▶ EXERCISE: For every line below, output the text exactly and leave out images.

▶ SOURCE MATERIAL:

=-=-=-=-=

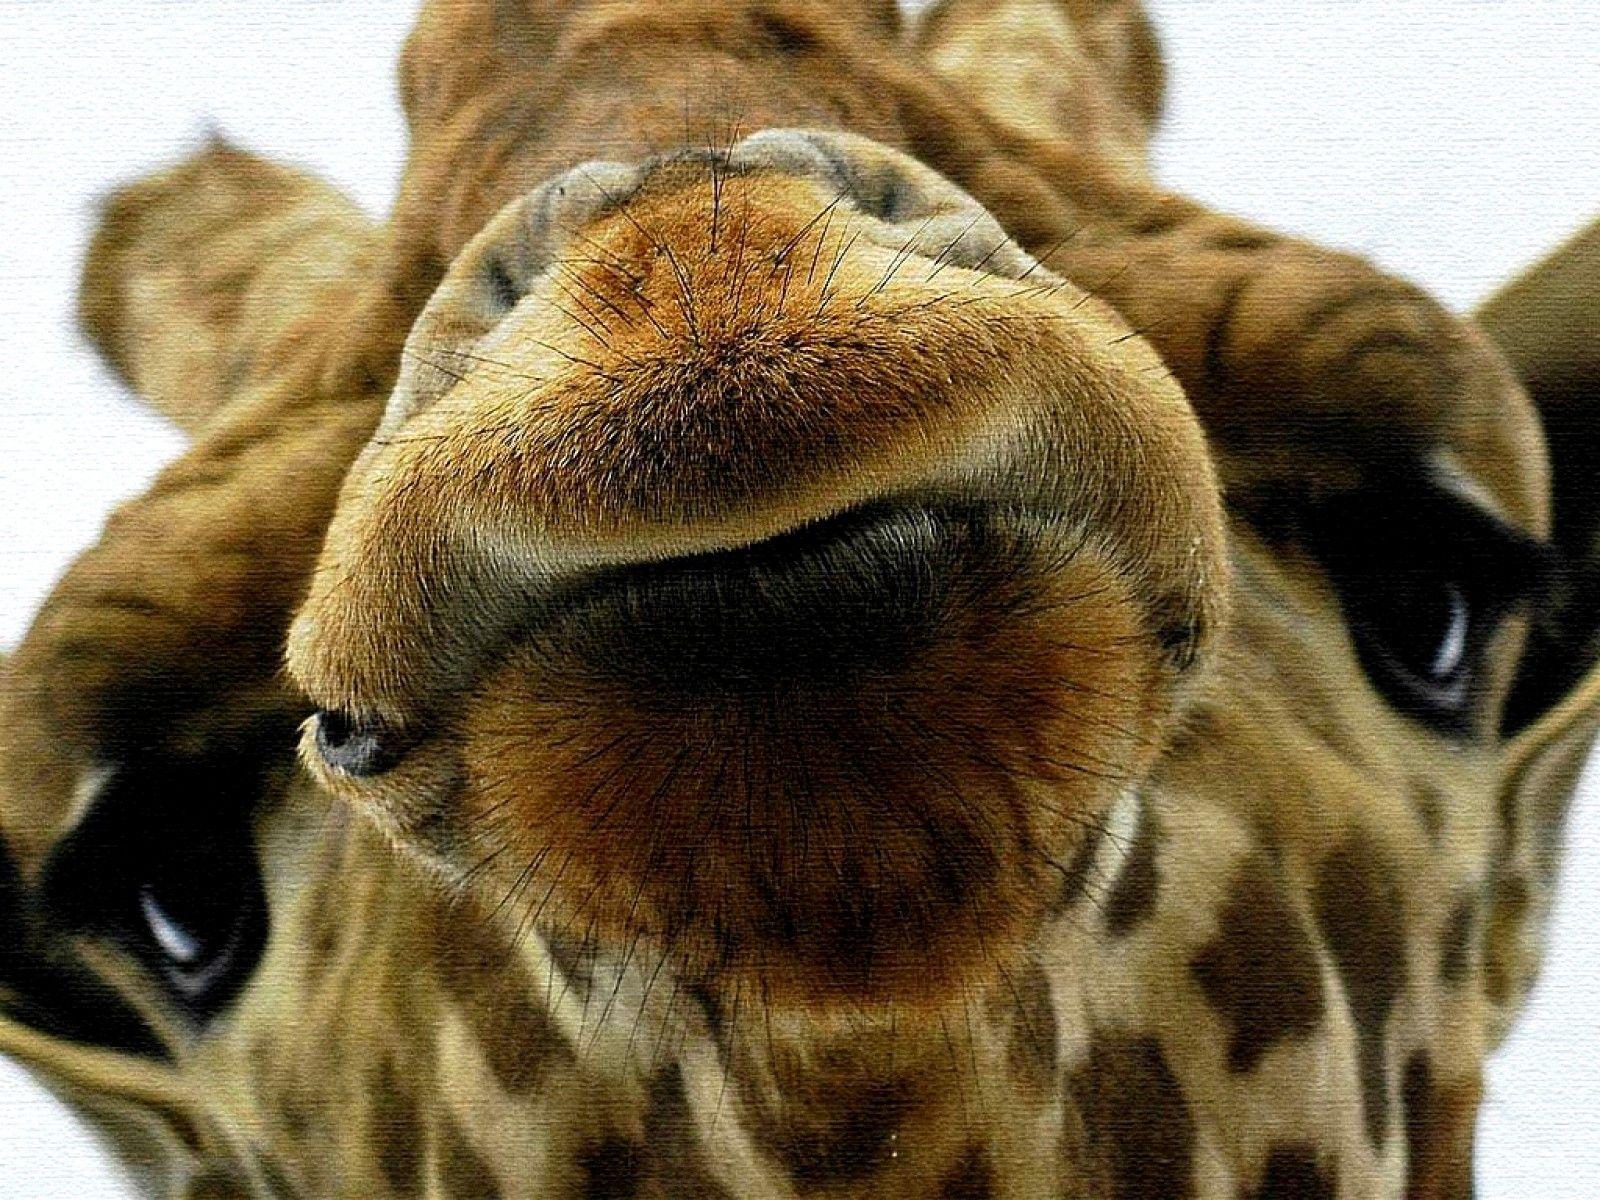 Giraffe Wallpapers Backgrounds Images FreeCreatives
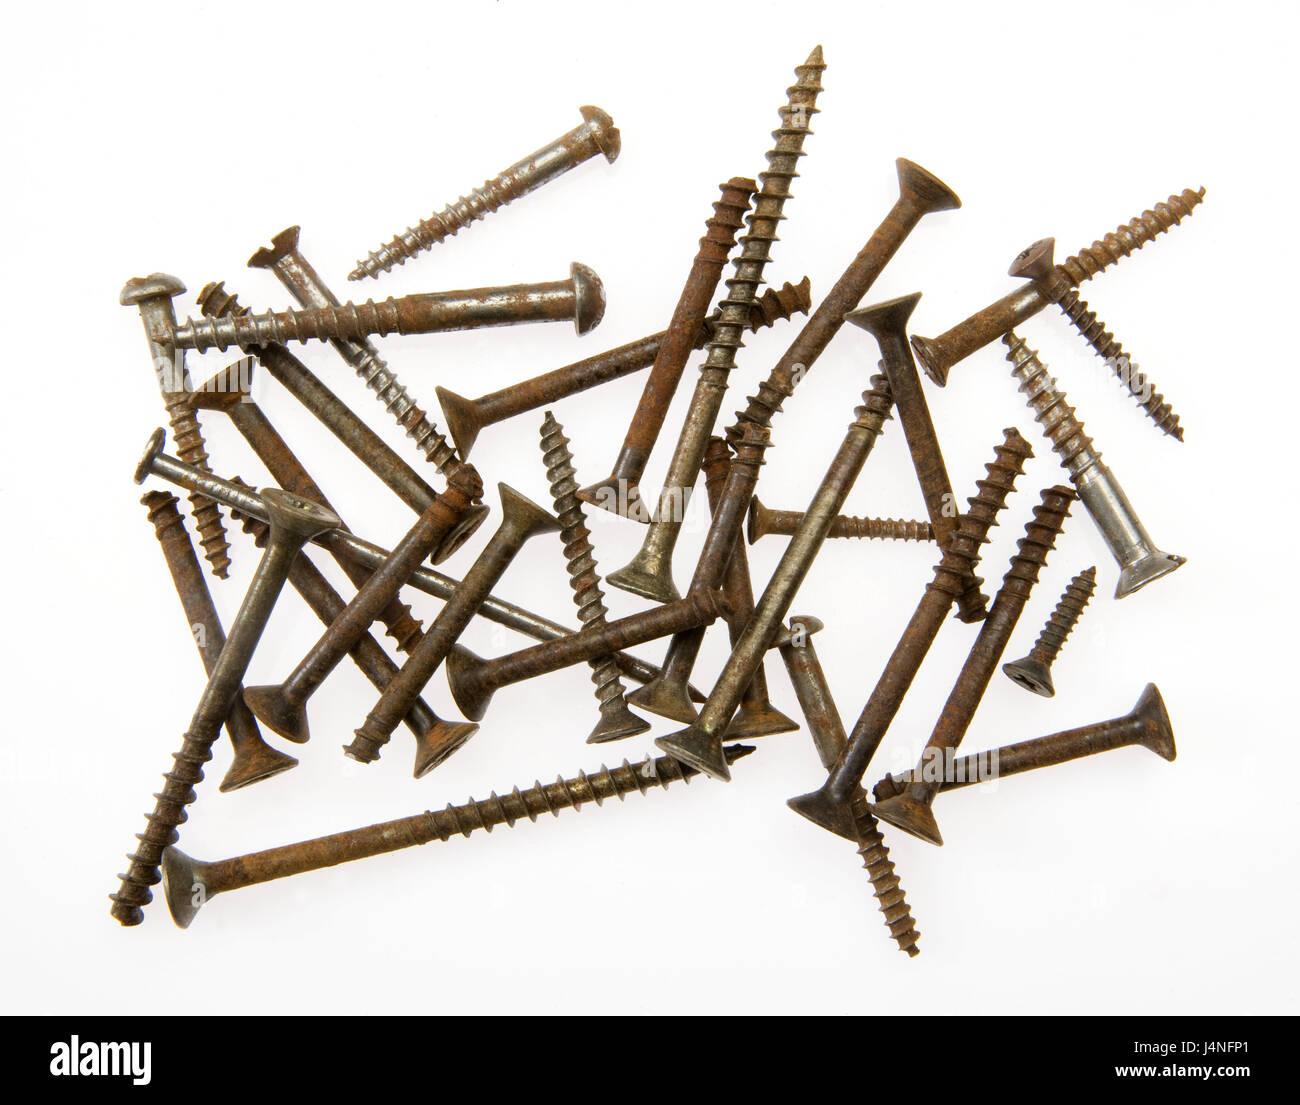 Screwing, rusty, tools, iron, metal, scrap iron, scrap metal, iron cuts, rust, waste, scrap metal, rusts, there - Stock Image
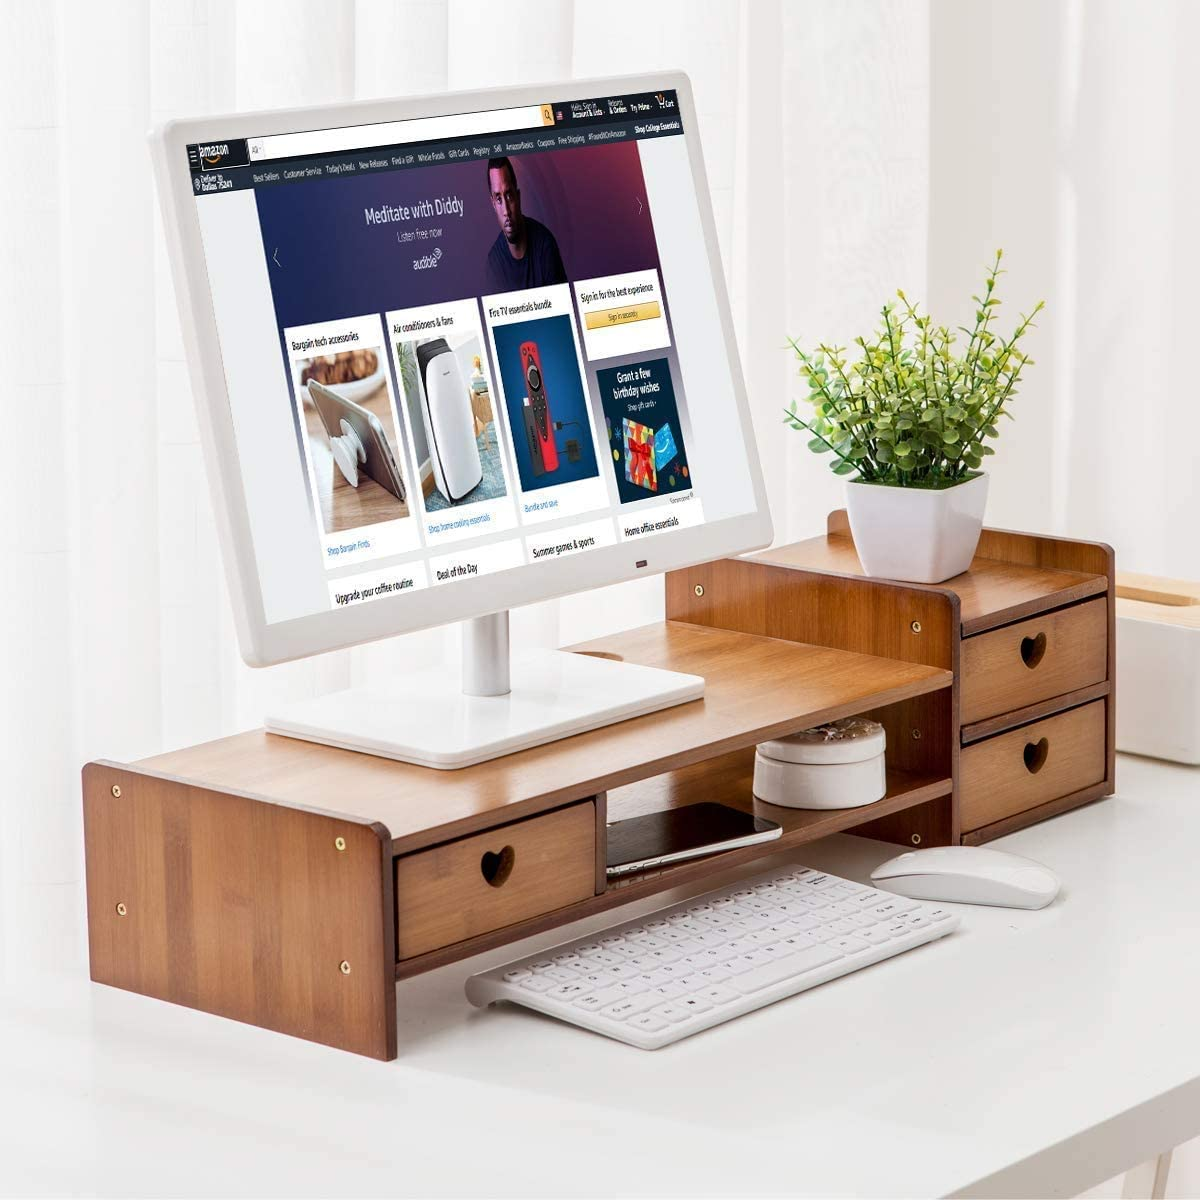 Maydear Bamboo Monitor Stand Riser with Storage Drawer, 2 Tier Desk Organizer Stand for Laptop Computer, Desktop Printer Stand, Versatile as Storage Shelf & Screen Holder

=-=-=-=-=

▶ RESULT OF THE EXERCISE:
 Giraffe Wallpapers Backgrounds Images FreeCreatives
 Screwing, rusty, tools, iron, metal, scrap iron, scrap metal, iron cuts, rust, waste, scrap metal, rusts, there - Stock Image
 Maydear Bamboo Monitor Stand Riser with Storage Drawer, 2 Tier Desk Organizer Stand for Laptop Computer, Desktop Printer Stand, Versatile as Storage Shelf & Screen Holder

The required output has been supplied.